Geodesic-aware Gaussian Process normative modeling on cortical surfaces with spectral shape descriptors and information-theoretic surprise maps.

CorticalFields extracts rich geometric information from structural MRI (T1w) data — without needing fMRI or dMRI — by treating the cortical surface as a Riemannian manifold and applying principled probabilistic modeling. It was designed for epilepsy research (MTLE-HS) but is applicable to any structural neuroimaging study.

What it does

Given FreeSurfer-processed T1w data, CorticalFields:

  1. Decomposes the cortical geometry via the Laplace–Beltrami operator, extracting the intrinsic spectral structure of the cortical mesh.
  2. Computes spectral shape descriptors (Heat Kernel Signature, Wave Kernel Signature, Global Point Signature) that capture multi-scale geometric information at every vertex — from local curvature to global lobe membership.
  3. Builds a spectral Matérn GP that respects the cortical manifold's geometry (not Euclidean space), producing a proper probabilistic model of "normal" brain morphology.
  4. Generates vertex-wise surprise maps — information-theoretic anomaly scores that quantify how unexpected each vertex's morphometry is, given the normative model and the surrounding cortical geometry.
  5. Aggregates anomalies by functional network (Yeo-7, Schaefer-200, etc.), enabling statements like "this patient has anomalous DMN structure" from T1w data alone.

Key innovations

  • Geodesic-aware GP kernel: Uses the spectral Matérn kernel (Borovitskiy et al., NeurIPS 2020) — the only mathematically correct way to define Matérn GPs on curved manifolds.

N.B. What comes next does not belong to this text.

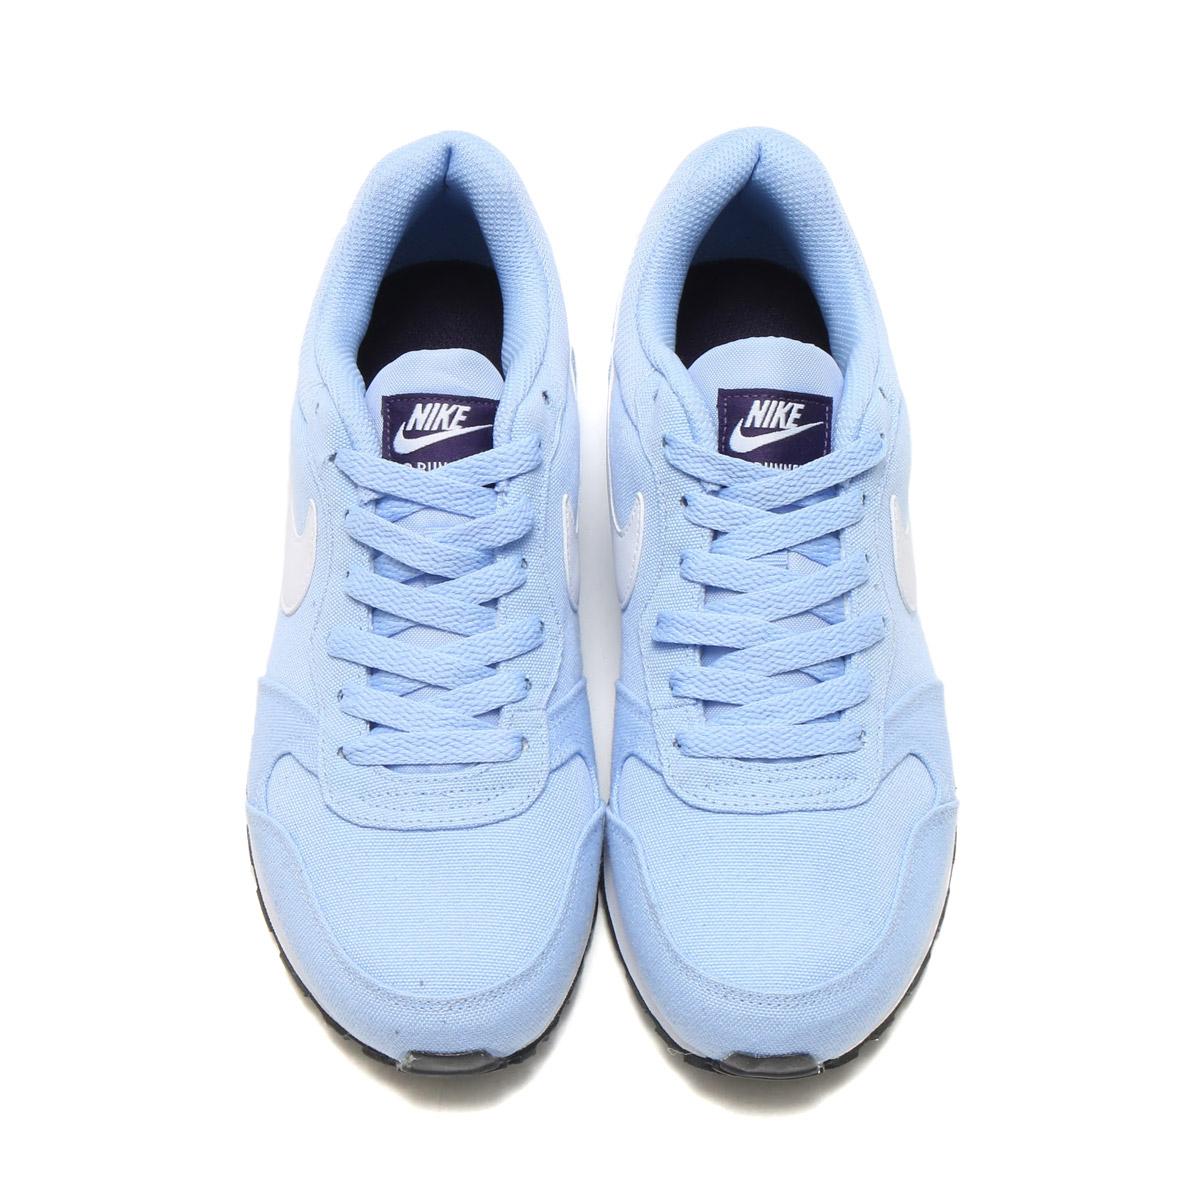 NIKE WMNS MD RUNNER 2 (Nike women MD runner 2) ALUMINUM/WHITE-PURPLE DYNASTY 17SU-I

Naïve geodesic distance substitution does NOT yield a valid kernel.
  • Surprise maps: Vertex-wise negative log-predictive density from a calibrated probabilistic model — theoretically optimal anomaly scoring that goes beyond z-scores.
  • Spectral shape descriptors for neuroimaging: Brings HKS/WKS from computer graphics into clinical brain imaging for the first time.
  • Scalability to 150k vertices: Spectral truncation (≤1000 LB eigenpairs) + variational sparse GP (≤1000 inducing points) makes the pipeline tractable on a single GPU.

Installation

# Core installation
pip install corticalfields

# Full installation (includes optional dependencies)
pip install corticalfields[full]

# Development installation
git clone https://github.com/rdneuro/corticalfields.git
cd corticalfields
pip install -e ".[full,dev]"

Requirements

  • Python ≥ 3.9
  • PyTorch ≥ 2.0 (with CUDA for GPU acceleration)
  • FreeSurfer (for surface reconstruction via recon-all)
  • Core: numpy, scipy, nibabel, gpytorch, matplotlib, pyvista
  • Optional: robust-laplacian, geometric-kernels, pymc, giotto-tda

Quick start

import corticalfields as cf
from corticalfields.spectral import compute_eigenpairs
from corticalfields.utils import get_device, setup_logging

setup_logging("INFO")
device = get_device()  # auto-detect CUDA

# 1. Load a FreeSurfer surface
surf = cf.load_freesurfer_surface(
    subjects_dir="/data/freesurfer",
    subject_id="fsaverage",
    hemi="lh",
    surface="pial",
    overlays=["thickness", "curv", "sulc"],
)

# 2. Compute Laplace–Beltrami eigenpairs
lb = compute_eigenpairs(
    surf.vertices, surf.faces,
    n_eigenpairs=300,  # 300 is a good default
)

# 3. Compute spectral shape descriptors
hks = cf.heat_kernel_signature(lb, n_scales=16)
wks = cf.wave_kernel_signature(lb, n_energies=16)
gps = cf.global_point_signature(lb, n_components=10)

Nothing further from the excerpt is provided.